Former Tidewater Oil Company Site on Nyack Waterfront
And, waterfront sites, contaminated with coal tar and petroleum byproducts from a former processing plant have also caught the attention of developers. A three-acre site, formerly owned by Orange & Rockland Utilities is slated to become 128 luxury waterfront condominiums in Nyack. The environmental cleanup complete, and the project approved, development of the site only awaits the right economic climate.
To facilitate the project, the local village government rewrote the waterfront zone code to accommodate development.
This site is the location of the Former Tidewater Oil Company, which stored and distributed petroleum products. Soils and groundwater at the site were contaminated by gasoline and petroleum products. The former Nyack Manufactured Gas Plant (MGP) was located immediately to the north and was the source of coal tar contamination adjacent to the site.
From this:
To this:
The plan includes a public walkway along the river connecting a stretch of riverfront from the Village-owned park to the south of the development to a boat club at its northern end.
The Economics of Brownfield Remediation
Save, the Letchworth project, each of these projects benefitted (or will benefit) from New York’s Brownfield Tax Credit program.

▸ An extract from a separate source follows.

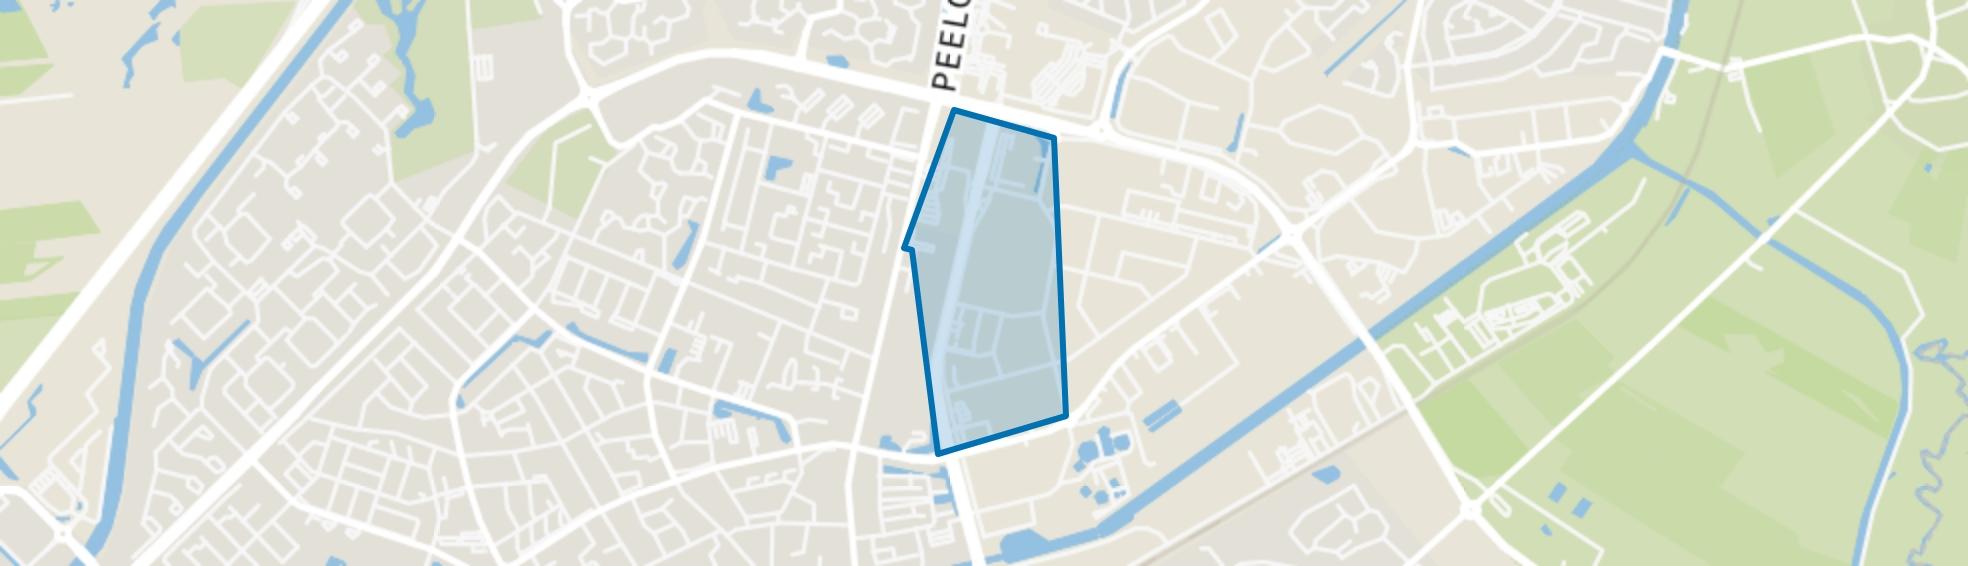 Bedrijventerrein West, Assen map

New York’s Brownfield Cleanup Program encourages the voluntary cleanup of contaminated properties known as “brownfields” so that they can be reused and redeveloped. A brownfield site is any real property where a contaminant is present at levels that exceed certain delineated environmental standards that vary based on the reasonably anticipated use of the property.
Developers are also eligible for “site preparation” credits against New York state income taxes of between 22% and 50% of eligible cleanup costs. Projects where I live are also eligible for tax credits of 10% to 24% of the value of the improvements constructed on the site, subject to a cap of $35 million or three times the site preparation costs, whichever is less.
And, the tax credits are refundable. To the extent that the credits exceed the applicant’s state income tax liability, they are treated as an overpayment, and the state will issue a refund.
With these incentives, and assuming the land can be cleaned up, fallow and contaminated properties are coming back to use.
Talk about having your cake, and eating it too.